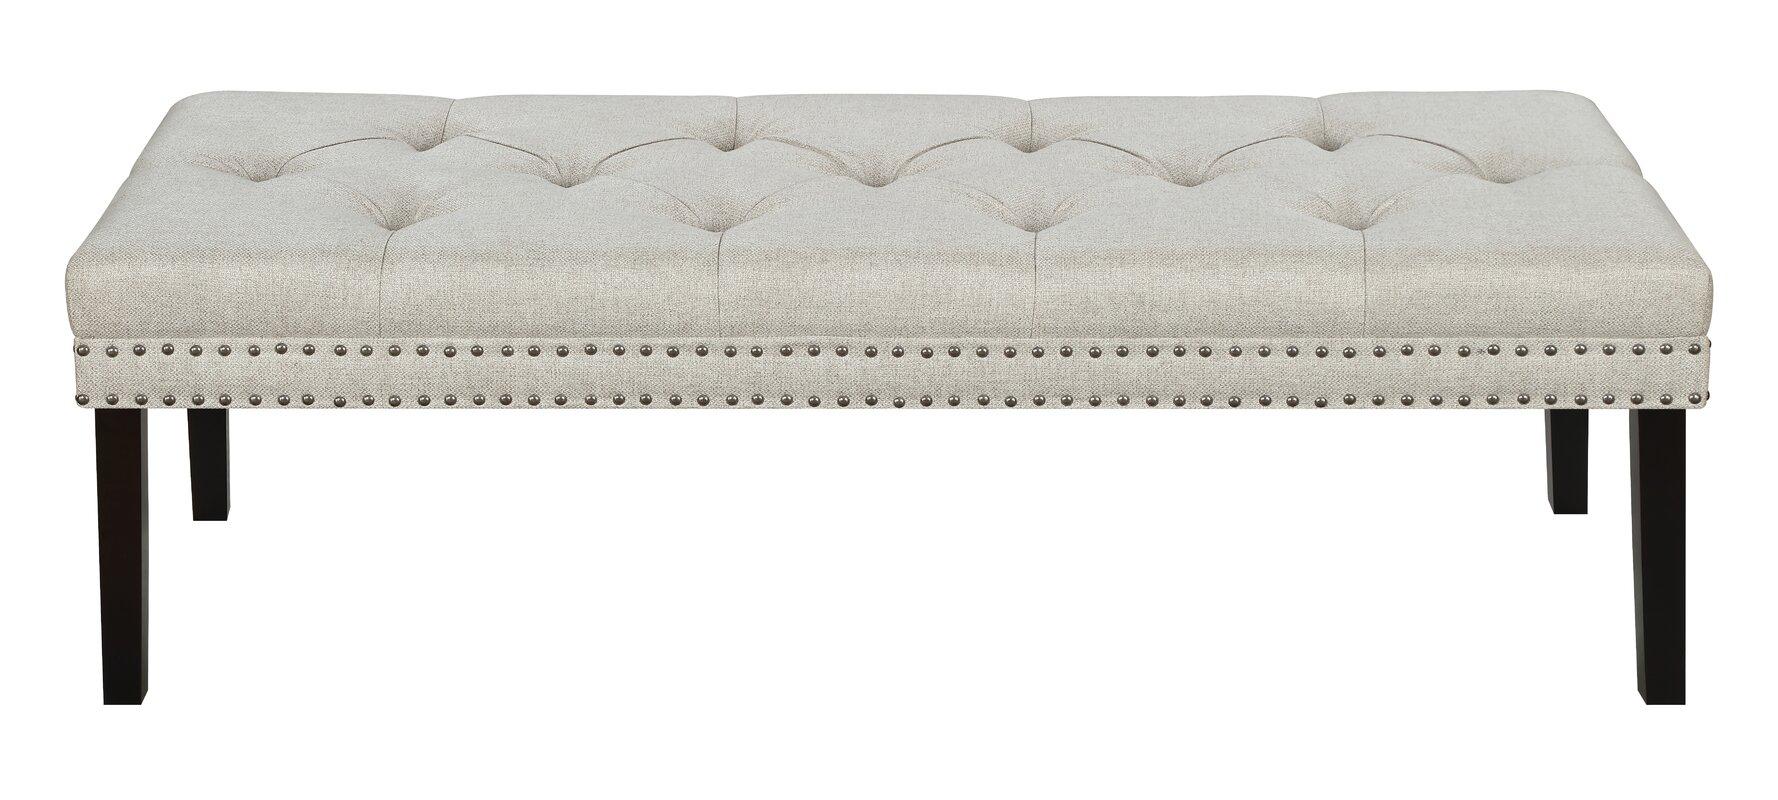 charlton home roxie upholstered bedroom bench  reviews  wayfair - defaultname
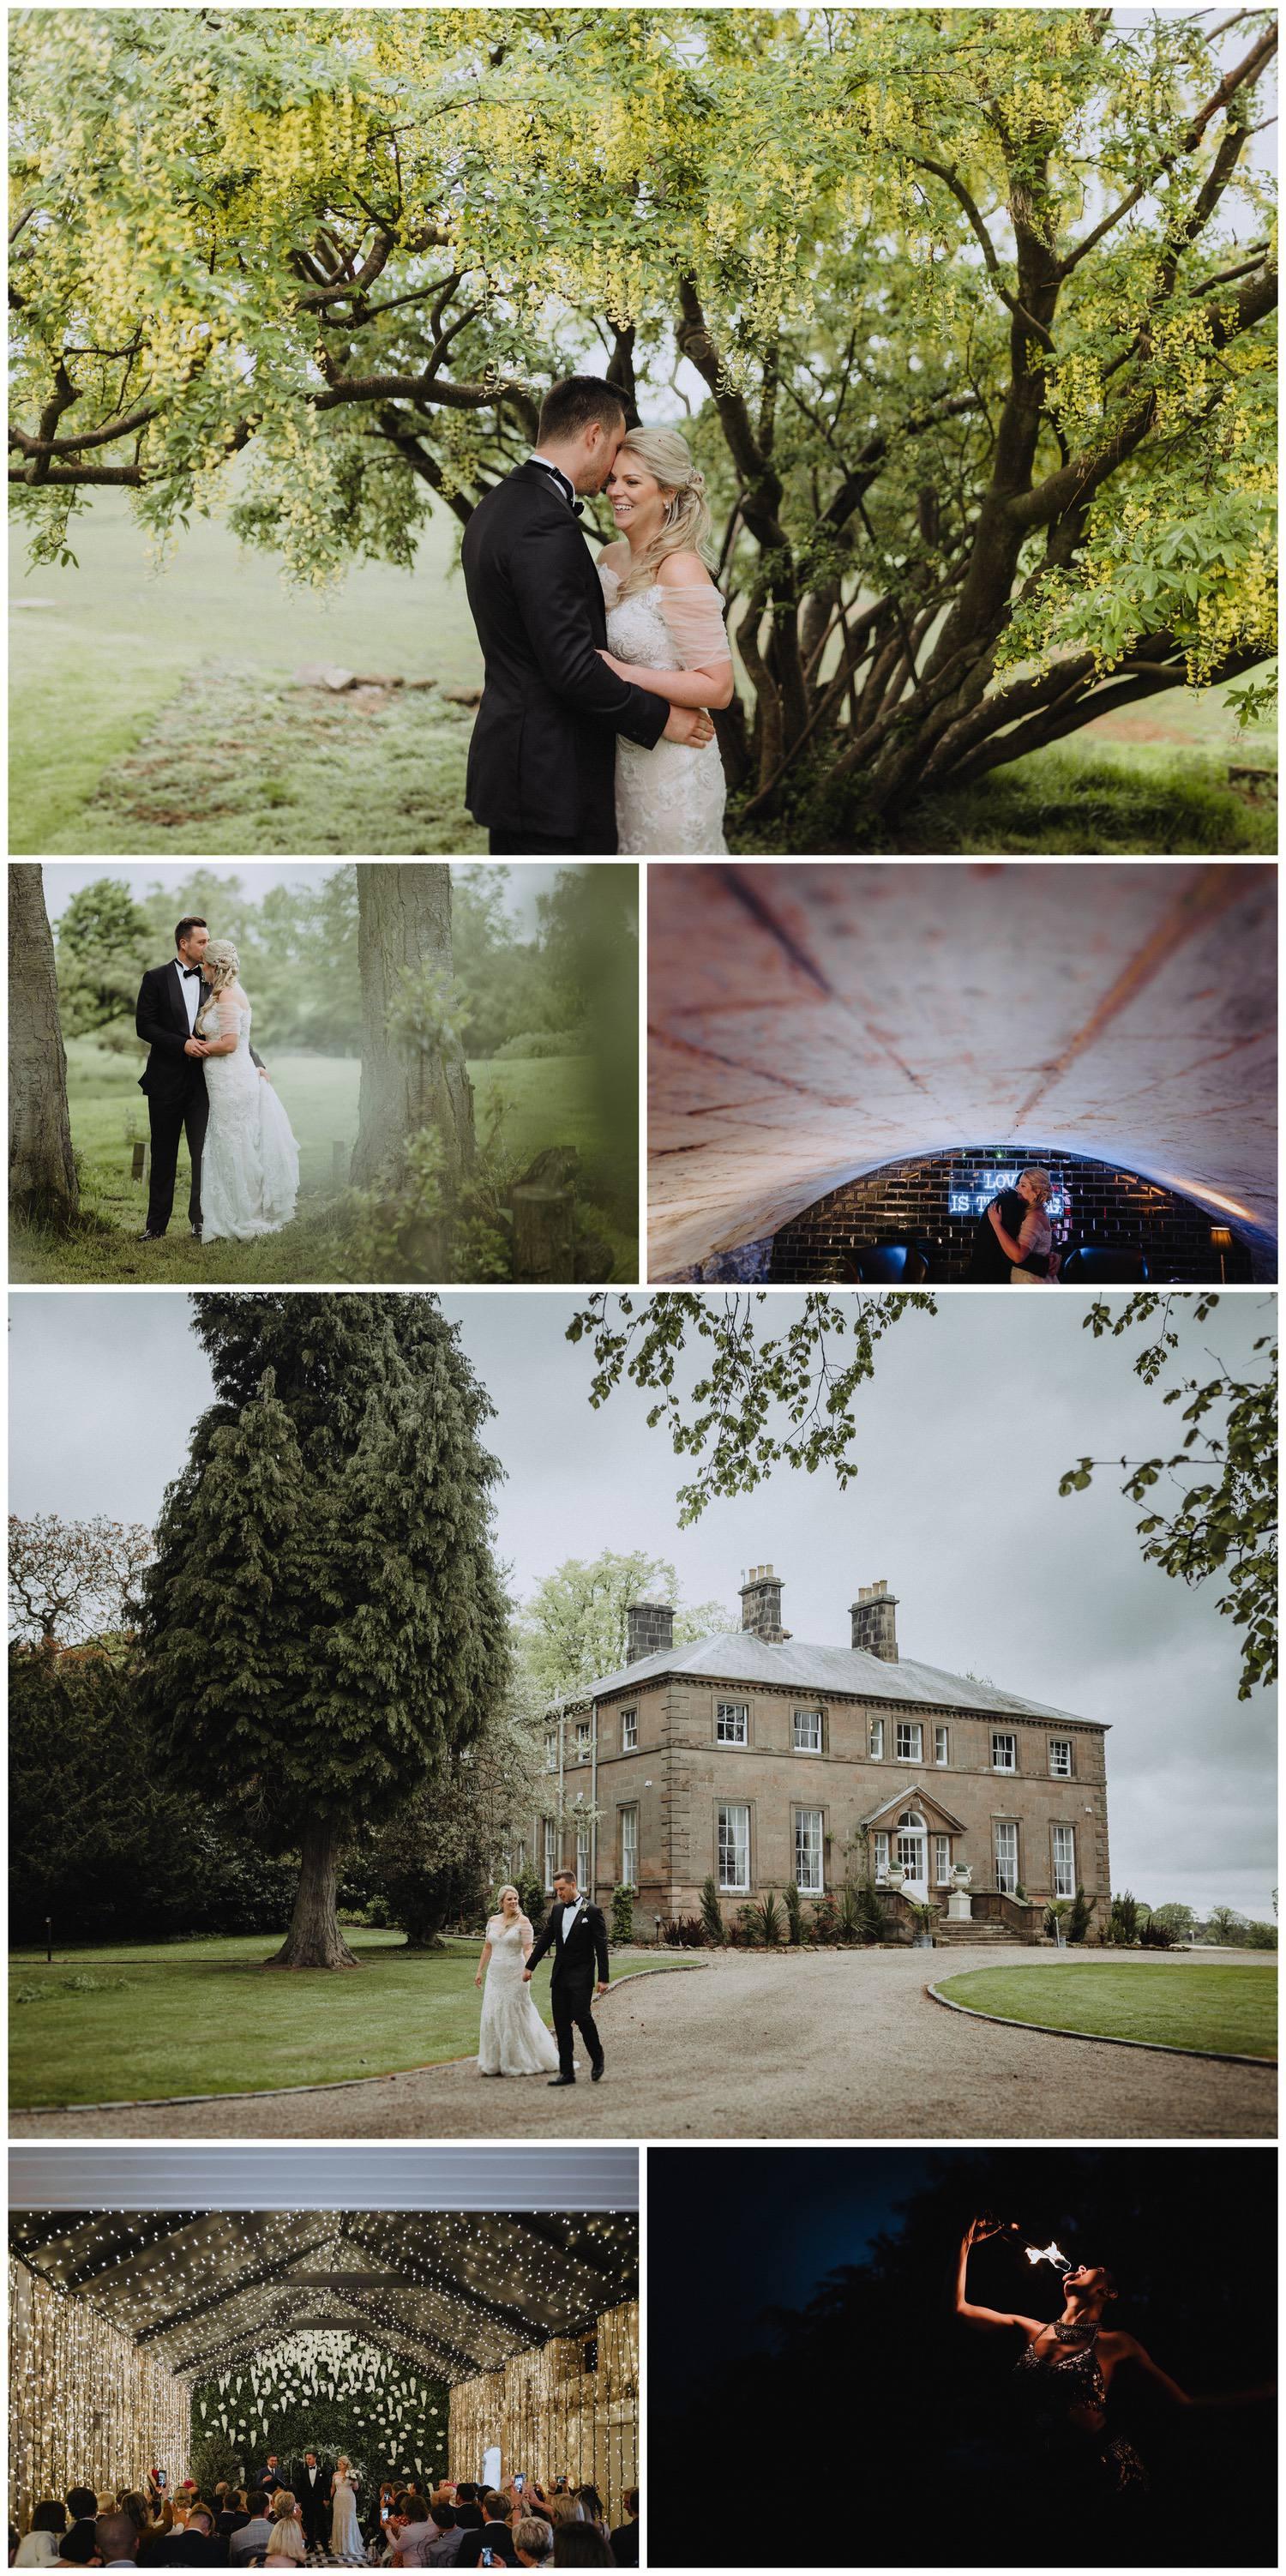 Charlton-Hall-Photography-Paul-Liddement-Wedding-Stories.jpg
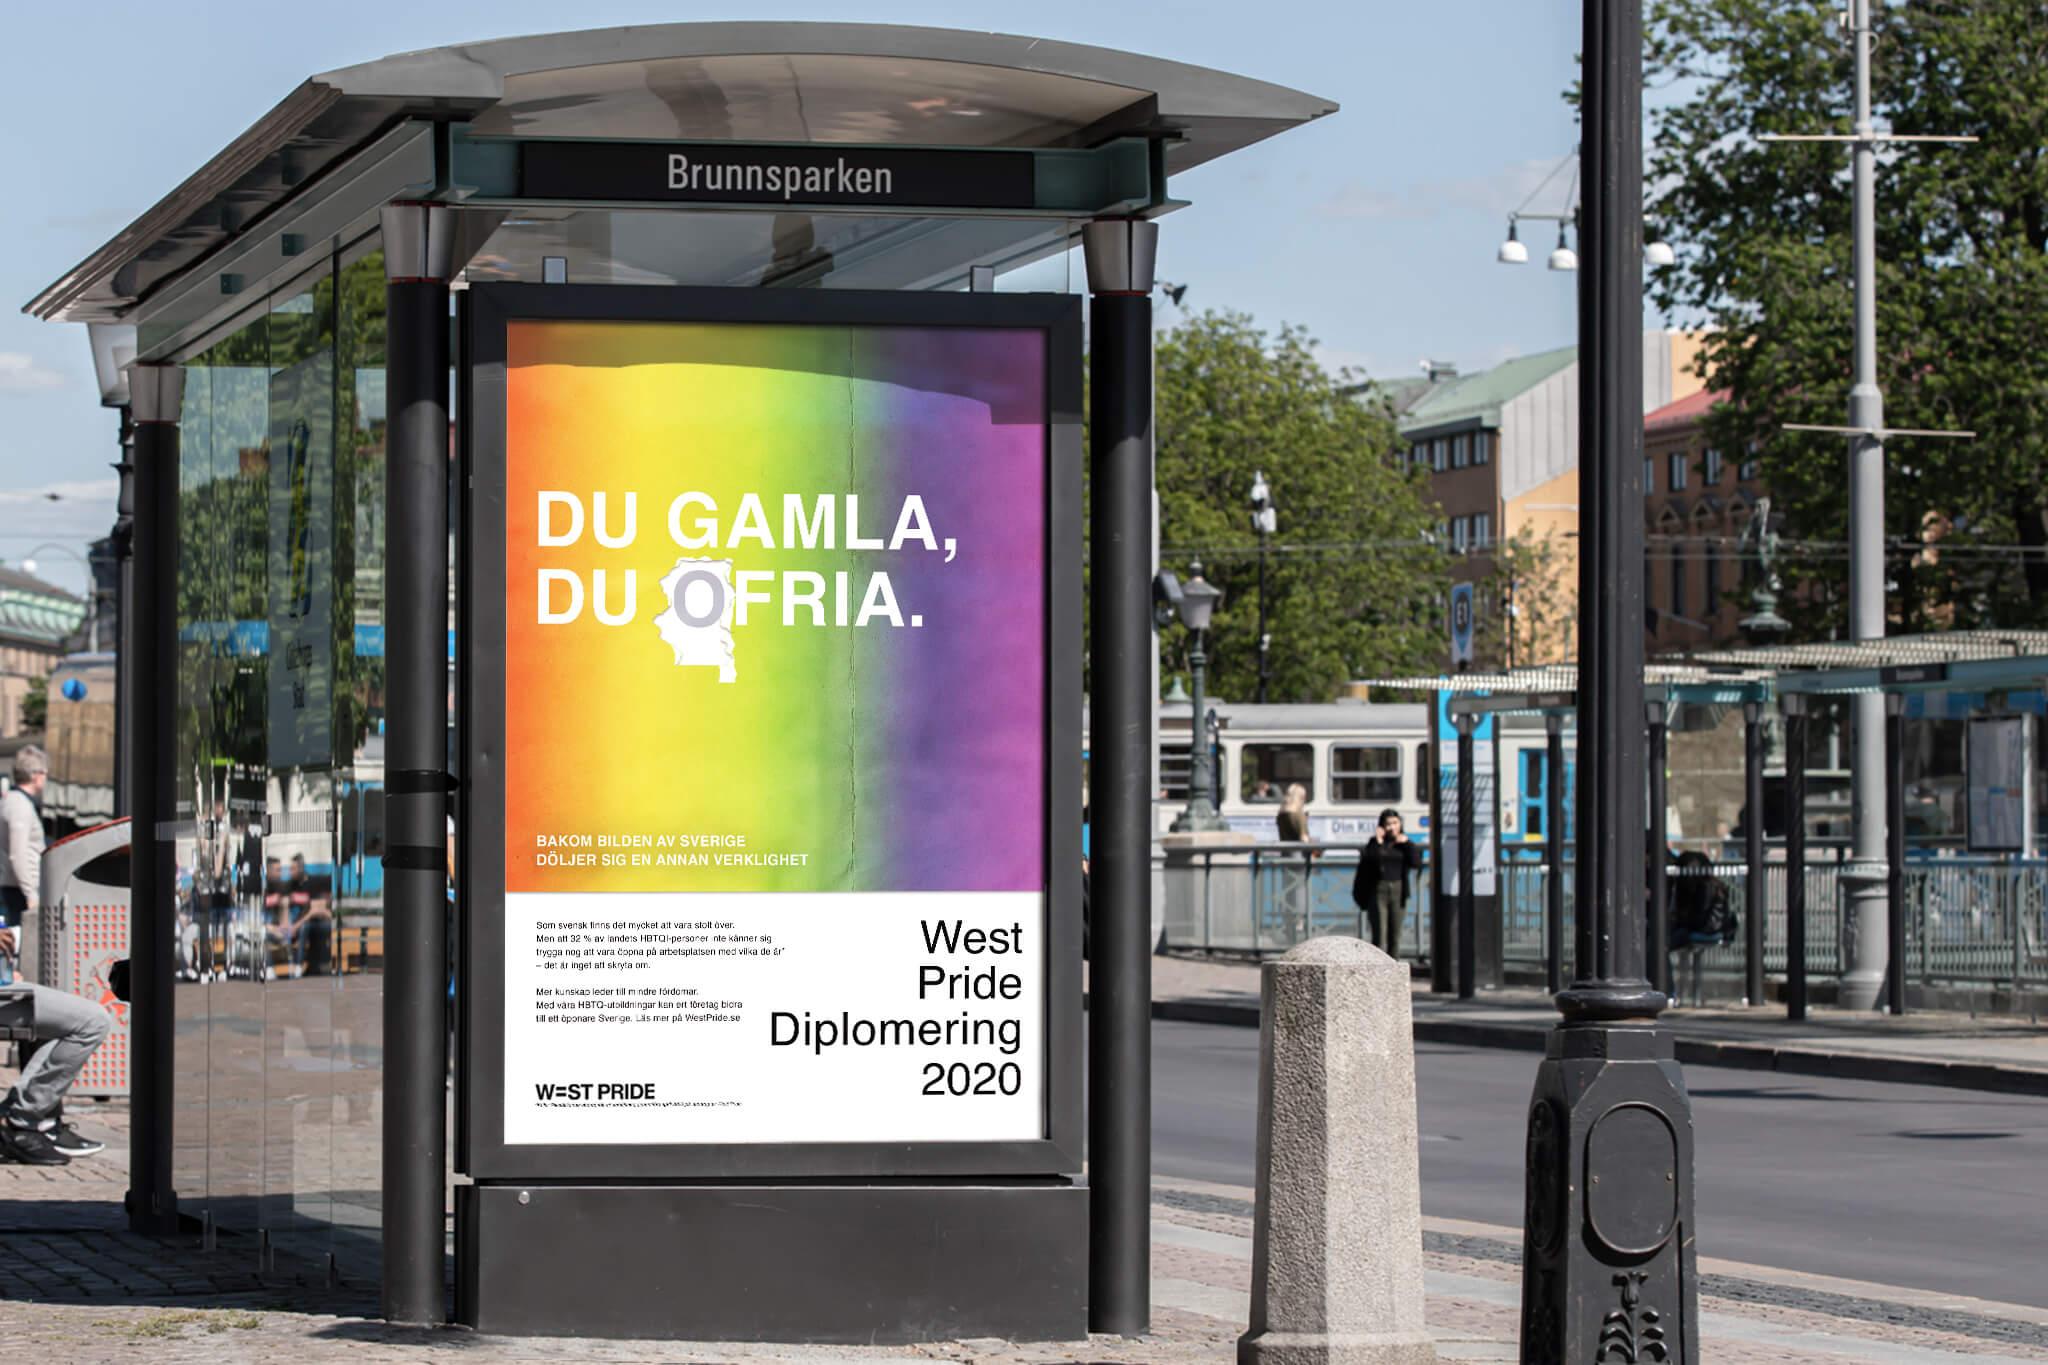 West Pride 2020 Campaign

*EXERCISE*: The material above must be set down word for word, with no picture carried over.

*WRITTEN ANSWER*:
 charlton home roxie upholstered bedroom bench  reviews  wayfair - defaultname
 Charlton-Hall-Photography-Paul-Liddement-Wedding-Stories.jpg
 West Pride 2020 Campaign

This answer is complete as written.